SNS Failure Notification Topic - SNS topic for publishing DataOps pipeline failure events, with optional email subscriptions.

Related Modules
- ETL Jobs — Deploy Glue ETL jobs that use project KMS keys, security configs, and connections
- Crawlers — Deploy Glue Crawlers that use project security configuration and connections
- Lambda Functions — Deploy Lambda functions for data operations using project KMS keys and security groups
- Workflows — Orchestrate project crawlers and jobs with Glue Workflows
- Step Functions — Orchestrate project resources with Step Functions state machines
- DataBrew — Deploy DataBrew jobs using project KMS keys for data profiling and transformation
- DynamoDB — Deploy DynamoDB tables encrypted with the project KMS key
- DMS — Deploy DMS replication tasks using project KMS keys for data migration
- Data Quality — Deploy Glue Data Quality rulesets for project databases and tables
- Dashboard — Create CloudWatch dashboards aggregating metrics from project Lambda functions and resources
- NiFi — Deploy Apache NiFi clusters using project KMS keys for data flow management
- Data Lake — Deploy data lake buckets that project jobs can read from and write to
- Lake Formation Access Control — Manage Lake Formation grants for Glue resources created outside of the project
- SageMaker (Domain) — Integrate project resources as SageMaker project data sources
- Roles — Create IAM roles for data engineer, execution, and data admin access
Security/Compliance Details
This module is designed in alignment with MDAA security/compliance principles and CDK nag rulesets. Additional review is recommended prior to production deployment, ensuring organization-specific compliance requirements are met.
- Encryption at Rest:
- Project KMS key encrypts all project resources (S3 bucket, Glue security config, job outputs, logs, bookmarks)

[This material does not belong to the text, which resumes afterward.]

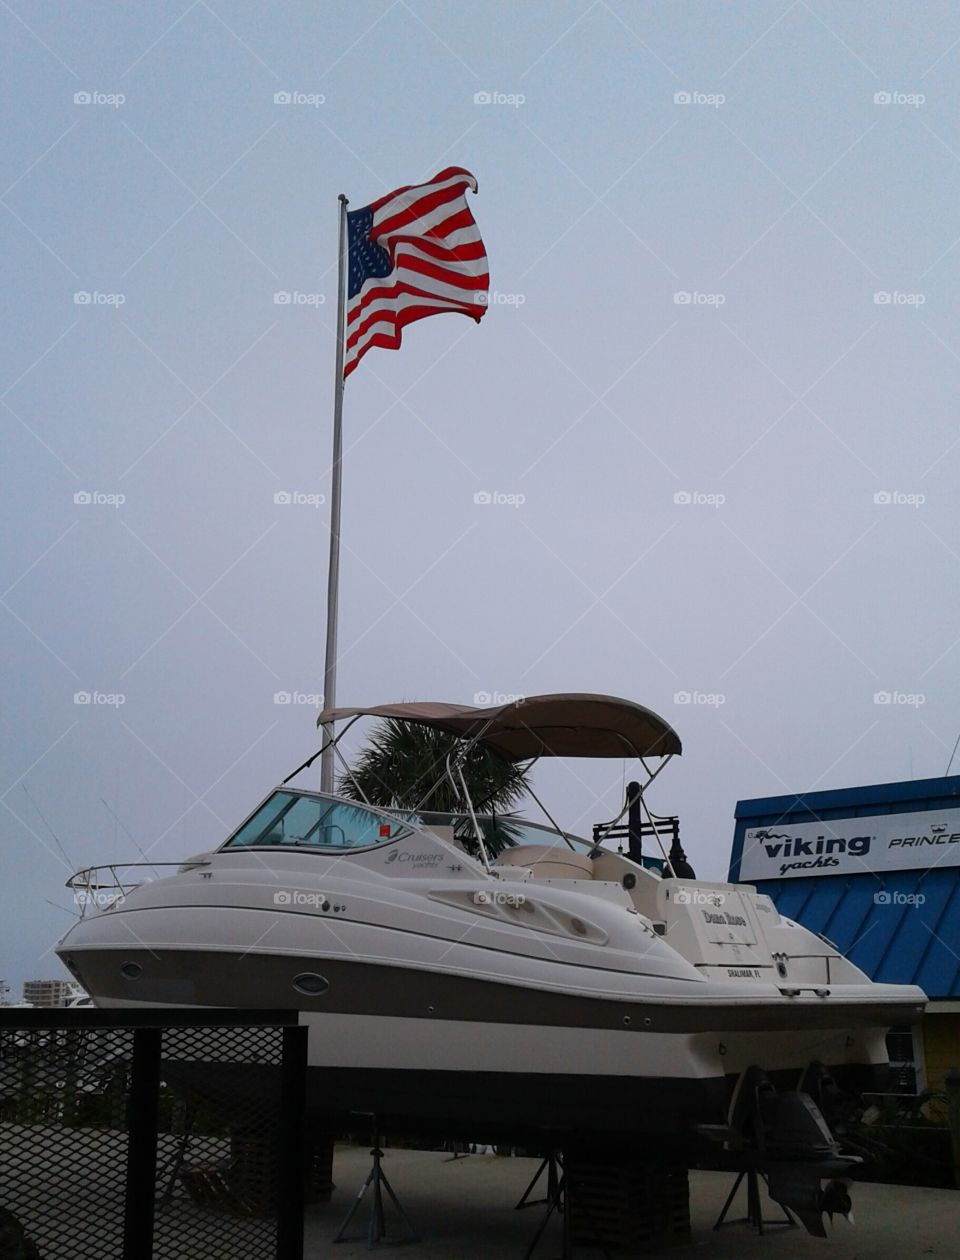 Boat & Flag

- Optional separate S3 output KMS key for data lake integration
- Least Privilege:
- KMS key usage access granted to project data engineer and execution roles via key policy
- KMS key usage/admin access granted to data admin role via key policy
- Project bucket read/write access granted by prefix to data engineer, execution, and data admin roles
- JDBC connection credentials managed via Secrets Manager dynamic references
- Lake Formation grants with tag-based access control and per-database/table permissions
- Separation of Duties:
- Role-based access at data engineer, execution, and data admin levels
- Cross-account resource links for multi-account data governance
- Network Isolation:
- Configurable security groups with self-referencing ingress (required by Glue)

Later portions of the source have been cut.